The Visible Infrared Imaging Radiometer Suite (VIIRS) onboard the Suomi National Polar-orbiting Partnership (SNPP) satellite has been a reliable source of ocean color data products, including five moderate (M) bands and one imagery (I) band normalized water-leaving radiance spectra nLw(λ). The spatial resolutions of the M-band and I-band nLw(λ) are 750 m and 375 m, respectively. With the technique of convolutional neural network (CNN), the M-band nLw(λ) imagery can be super-resolved from 750 m to 375 m spatial resolution by leveraging the high spatial resolution features of I1-band nLw(λ) data. However, it is also important to enhance the spatial resolution of VIIRS-derived chlorophyll-a (Chl-a) concentration and the water diffuse attenuation coefficient at the wavelength of 490 nm (Kd(490)), as well as other biological and biogeochemical products. In this study, we describe our effort to derive high-resolution Kd(490) and Chl-a data based on super-resolved nLw(λ) images at the VIIRS five M-bands. To improve the network performance over extremely turbid coastal oceans and inland waters, the networks are retrained with a training dataset including ocean color data from the Bohai Sea, Baltic Sea, and La Plata River Estuary, covering water types from clear open oceans to moderately turbid and highly turbid waters. The evaluation results show that the super-resolved Kd(490) image is much sharper than the original one, and has more detailed fine spatial structures. A similar enhancement of finer structures is also found in the super-resolved Chl-a images.
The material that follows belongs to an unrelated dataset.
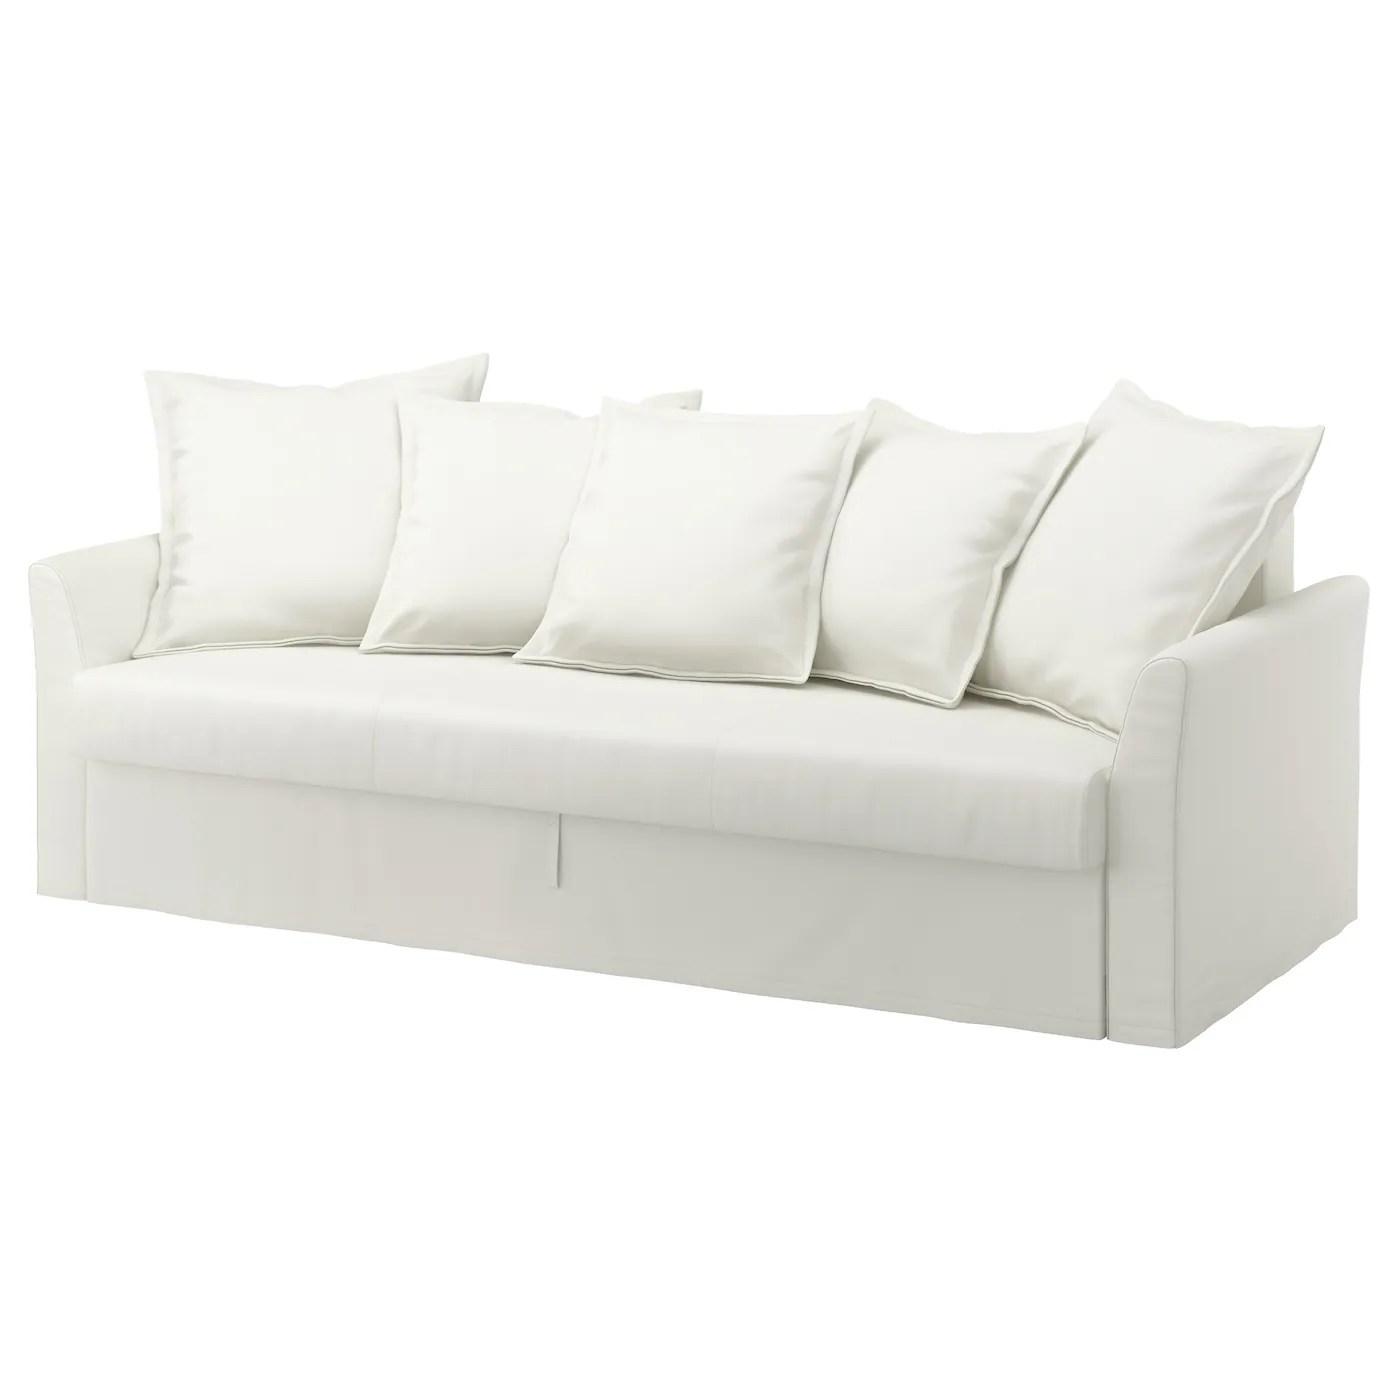 sofa chair bed ikea white covers cheap holmsund three seat ransta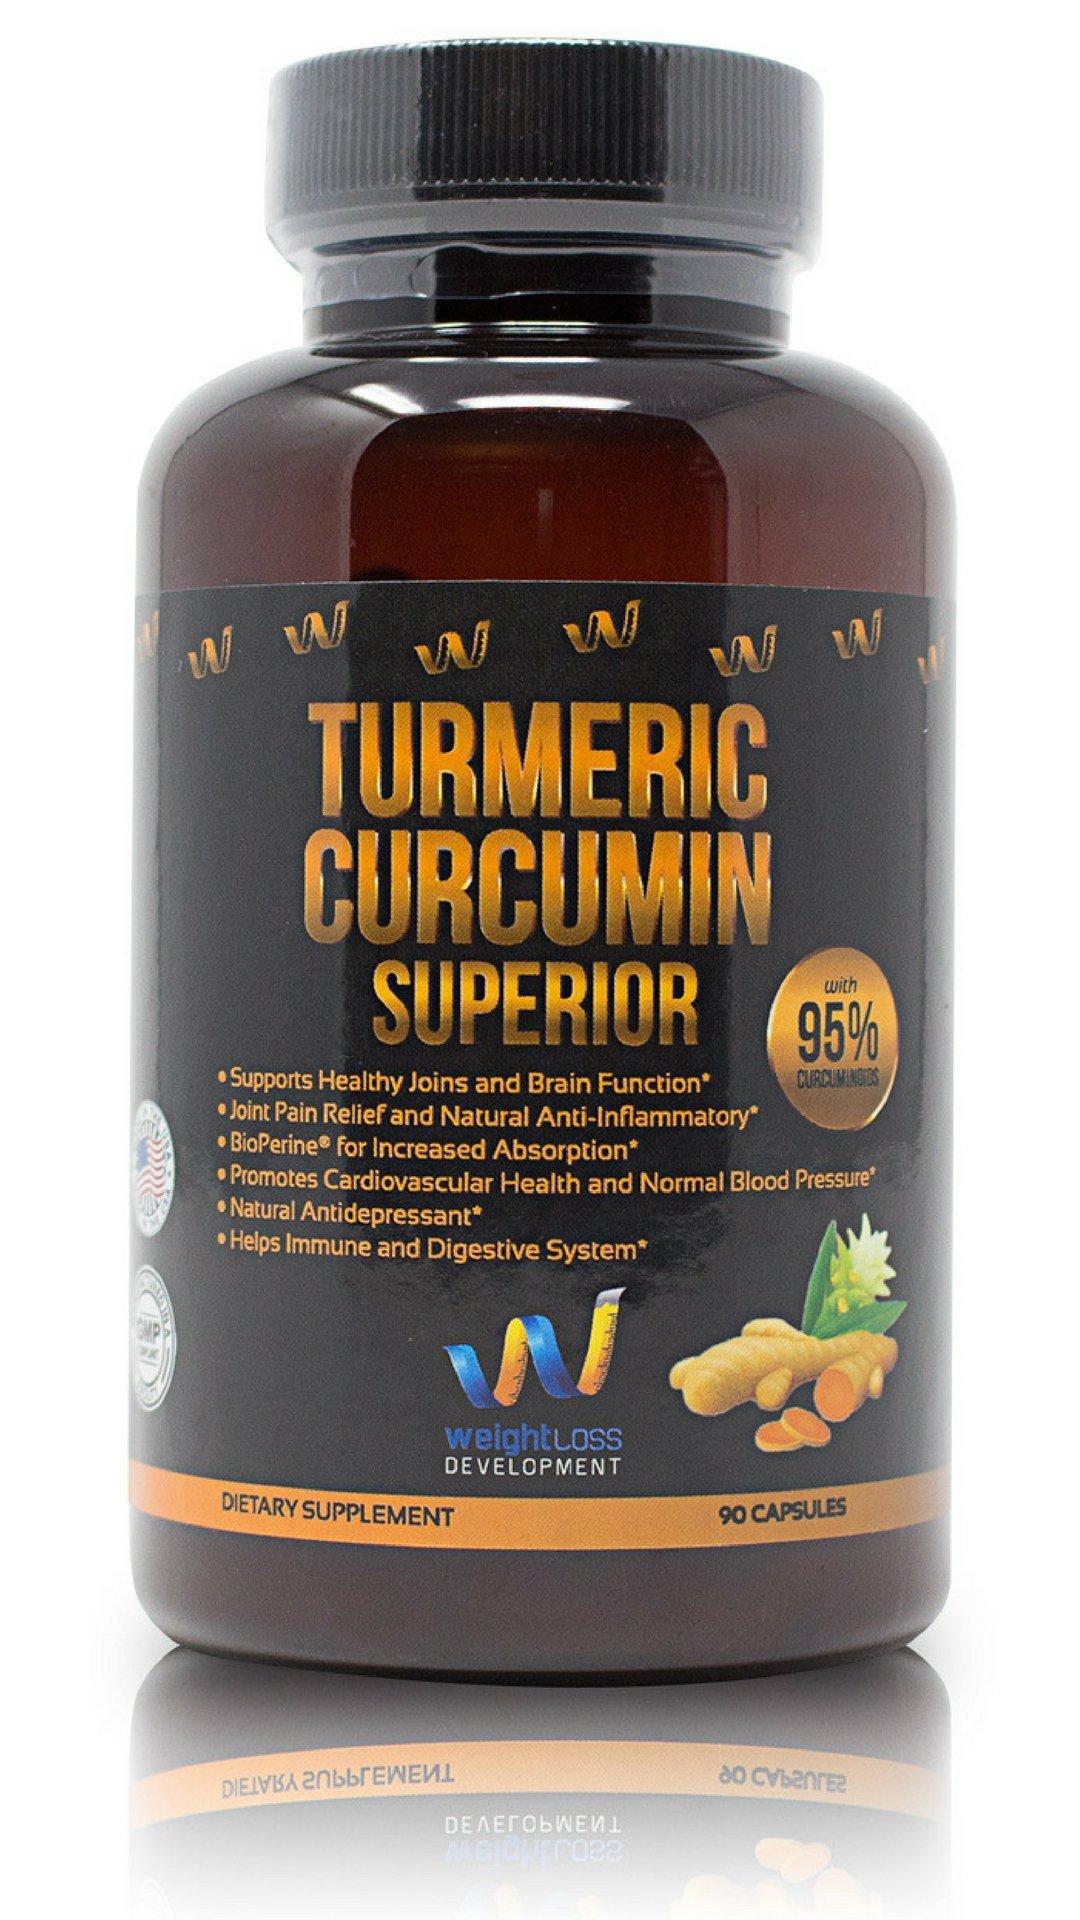 Turmeric Curcumin Supplement Capsules - 95% Curcuminoids & BioPerine Black Pepper Extract 1300 mg - Advanced Absorption, Anti-Inflammatory, Weight Loss, Cardiovascular & Joint Support - 90 Pills by Weight Loss Development Inc.

Chl-a filaments are much sharper and thinner in the super-resolved image, and some of the very fine spatial features that are not shown in the original images appear in the super-resolved Chl-a imageries. The networks are also applied to four other coastal and inland water regions. The results show that super-resolution occurs mainly on pixels of Chl-a and Kd(490) features, especially on the feature edges and locations with a large spatial gradient. The biases between the original M-band images and super-resolved high-resolution images are small for both Chl-a and Kd(490) in moderately to extremely turbid coastal oceans and inland waters, indicating that the super-resolution process does not change the mean values of the original images.

Highlights

  • The biases between the original M-band images and super-resolved high-resolution images are small for both Chl-a and Kd (490) in moderately to extremely turbid coastal oceans and inland waters, indicating that the super-resolution process does not change the mean values of the original images

  • Chl-a data are the primary product for all the follow on satellite ocean color missions [26], such as the Sea-viewing Wide Field-of-view Sensor (SeaWiFS) [27], the Moderate Resolution Imaging Spectroradiometer (MODIS) [28,29], the Medium-Resolution Imaging Spectrometer (MERIS) [30], Visible Infrared Imaging Radiometer Suite (VIIRS) [13,15], the Ocean and Land Colour Instrument (OLCI) [31], and the Second-Generation Global Imager [32]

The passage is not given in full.